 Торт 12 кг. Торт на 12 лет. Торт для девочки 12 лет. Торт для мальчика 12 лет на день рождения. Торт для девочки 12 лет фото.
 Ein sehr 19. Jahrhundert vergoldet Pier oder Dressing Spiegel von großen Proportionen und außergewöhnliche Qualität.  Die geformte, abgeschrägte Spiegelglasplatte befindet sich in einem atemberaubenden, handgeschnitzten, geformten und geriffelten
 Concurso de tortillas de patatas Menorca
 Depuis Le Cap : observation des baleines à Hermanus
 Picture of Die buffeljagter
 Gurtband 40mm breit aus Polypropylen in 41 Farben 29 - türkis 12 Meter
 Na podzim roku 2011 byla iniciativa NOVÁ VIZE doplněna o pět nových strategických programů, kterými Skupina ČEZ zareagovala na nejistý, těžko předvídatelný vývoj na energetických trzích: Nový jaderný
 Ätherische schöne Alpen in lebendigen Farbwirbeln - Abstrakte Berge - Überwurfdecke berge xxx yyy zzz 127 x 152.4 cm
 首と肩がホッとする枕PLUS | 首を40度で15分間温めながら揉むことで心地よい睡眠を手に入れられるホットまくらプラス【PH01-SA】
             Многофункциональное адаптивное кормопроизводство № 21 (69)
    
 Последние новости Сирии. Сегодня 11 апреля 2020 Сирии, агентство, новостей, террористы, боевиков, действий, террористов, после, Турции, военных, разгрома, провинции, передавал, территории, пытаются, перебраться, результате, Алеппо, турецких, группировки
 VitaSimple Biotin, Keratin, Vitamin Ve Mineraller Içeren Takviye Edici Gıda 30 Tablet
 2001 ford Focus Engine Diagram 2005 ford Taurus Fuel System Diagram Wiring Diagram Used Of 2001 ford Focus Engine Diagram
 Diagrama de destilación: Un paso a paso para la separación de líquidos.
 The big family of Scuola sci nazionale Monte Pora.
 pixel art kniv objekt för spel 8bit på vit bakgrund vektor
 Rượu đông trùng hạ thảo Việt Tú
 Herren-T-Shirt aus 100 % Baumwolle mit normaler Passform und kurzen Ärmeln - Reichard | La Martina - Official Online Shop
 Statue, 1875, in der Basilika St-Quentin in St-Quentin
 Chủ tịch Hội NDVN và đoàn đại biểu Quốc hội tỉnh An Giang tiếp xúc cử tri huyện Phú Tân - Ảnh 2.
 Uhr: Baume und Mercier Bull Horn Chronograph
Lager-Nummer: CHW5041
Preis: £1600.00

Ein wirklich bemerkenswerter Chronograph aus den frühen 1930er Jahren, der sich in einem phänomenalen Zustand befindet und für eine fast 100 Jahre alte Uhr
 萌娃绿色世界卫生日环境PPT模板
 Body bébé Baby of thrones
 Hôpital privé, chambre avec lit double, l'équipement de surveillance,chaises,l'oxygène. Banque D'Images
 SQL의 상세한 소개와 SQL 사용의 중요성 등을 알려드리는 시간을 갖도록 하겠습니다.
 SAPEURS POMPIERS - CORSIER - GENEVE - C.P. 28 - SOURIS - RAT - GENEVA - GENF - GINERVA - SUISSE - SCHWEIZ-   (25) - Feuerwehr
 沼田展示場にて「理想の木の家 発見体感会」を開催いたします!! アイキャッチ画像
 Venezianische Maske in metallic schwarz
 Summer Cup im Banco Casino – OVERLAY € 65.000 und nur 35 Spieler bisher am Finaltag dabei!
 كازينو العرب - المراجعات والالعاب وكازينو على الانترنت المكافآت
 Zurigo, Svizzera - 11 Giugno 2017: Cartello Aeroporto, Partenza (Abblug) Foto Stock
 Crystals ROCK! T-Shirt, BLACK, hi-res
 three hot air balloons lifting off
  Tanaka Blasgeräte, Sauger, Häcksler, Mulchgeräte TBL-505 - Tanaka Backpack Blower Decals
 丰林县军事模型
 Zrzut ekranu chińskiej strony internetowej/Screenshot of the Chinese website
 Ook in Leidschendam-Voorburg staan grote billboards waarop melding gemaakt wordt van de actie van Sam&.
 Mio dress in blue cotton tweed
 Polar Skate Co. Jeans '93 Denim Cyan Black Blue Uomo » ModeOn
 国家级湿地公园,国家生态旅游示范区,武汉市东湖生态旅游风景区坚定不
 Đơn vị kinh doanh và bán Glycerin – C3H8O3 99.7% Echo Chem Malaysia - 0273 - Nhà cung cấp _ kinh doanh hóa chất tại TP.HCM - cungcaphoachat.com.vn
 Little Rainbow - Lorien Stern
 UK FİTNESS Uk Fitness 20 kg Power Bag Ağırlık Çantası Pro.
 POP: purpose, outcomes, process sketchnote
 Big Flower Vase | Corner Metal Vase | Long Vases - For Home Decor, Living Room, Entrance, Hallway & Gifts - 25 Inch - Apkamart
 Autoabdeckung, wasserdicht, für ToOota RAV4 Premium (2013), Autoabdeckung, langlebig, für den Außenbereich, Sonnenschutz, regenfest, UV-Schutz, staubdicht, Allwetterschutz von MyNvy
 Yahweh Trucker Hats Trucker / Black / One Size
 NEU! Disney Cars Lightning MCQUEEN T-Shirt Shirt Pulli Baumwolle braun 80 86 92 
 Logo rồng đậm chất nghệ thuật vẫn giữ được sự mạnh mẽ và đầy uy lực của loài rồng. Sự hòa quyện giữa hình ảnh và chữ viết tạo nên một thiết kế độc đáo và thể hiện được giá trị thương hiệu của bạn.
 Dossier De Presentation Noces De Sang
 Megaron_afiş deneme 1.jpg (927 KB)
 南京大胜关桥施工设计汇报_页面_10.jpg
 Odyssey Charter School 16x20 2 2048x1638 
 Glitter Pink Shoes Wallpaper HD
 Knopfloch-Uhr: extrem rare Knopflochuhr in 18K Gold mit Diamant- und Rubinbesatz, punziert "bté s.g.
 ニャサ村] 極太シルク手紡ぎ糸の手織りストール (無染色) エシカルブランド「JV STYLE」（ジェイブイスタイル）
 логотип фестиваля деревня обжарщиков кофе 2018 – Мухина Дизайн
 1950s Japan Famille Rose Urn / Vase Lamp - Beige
....
PROMPT: Would you print exactly, and only, the lines of the data above from the line with "Depuis Le Cap : observation" through the line with "Na podzim roku", inclusive?

ANSWER FOR THE TASK:
 Depuis Le Cap : observation des baleines à Hermanus
 Picture of Die buffeljagter
 Gurtband 40mm breit aus Polypropylen in 41 Farben 29 - türkis 12 Meter
 Na podzim roku 2011 byla iniciativa NOVÁ VIZE doplněna o pět nových strategických programů, kterými Skupina ČEZ zareagovala na nejistý, těžko předvídatelný vývoj na energetických trzích: Nový jaderný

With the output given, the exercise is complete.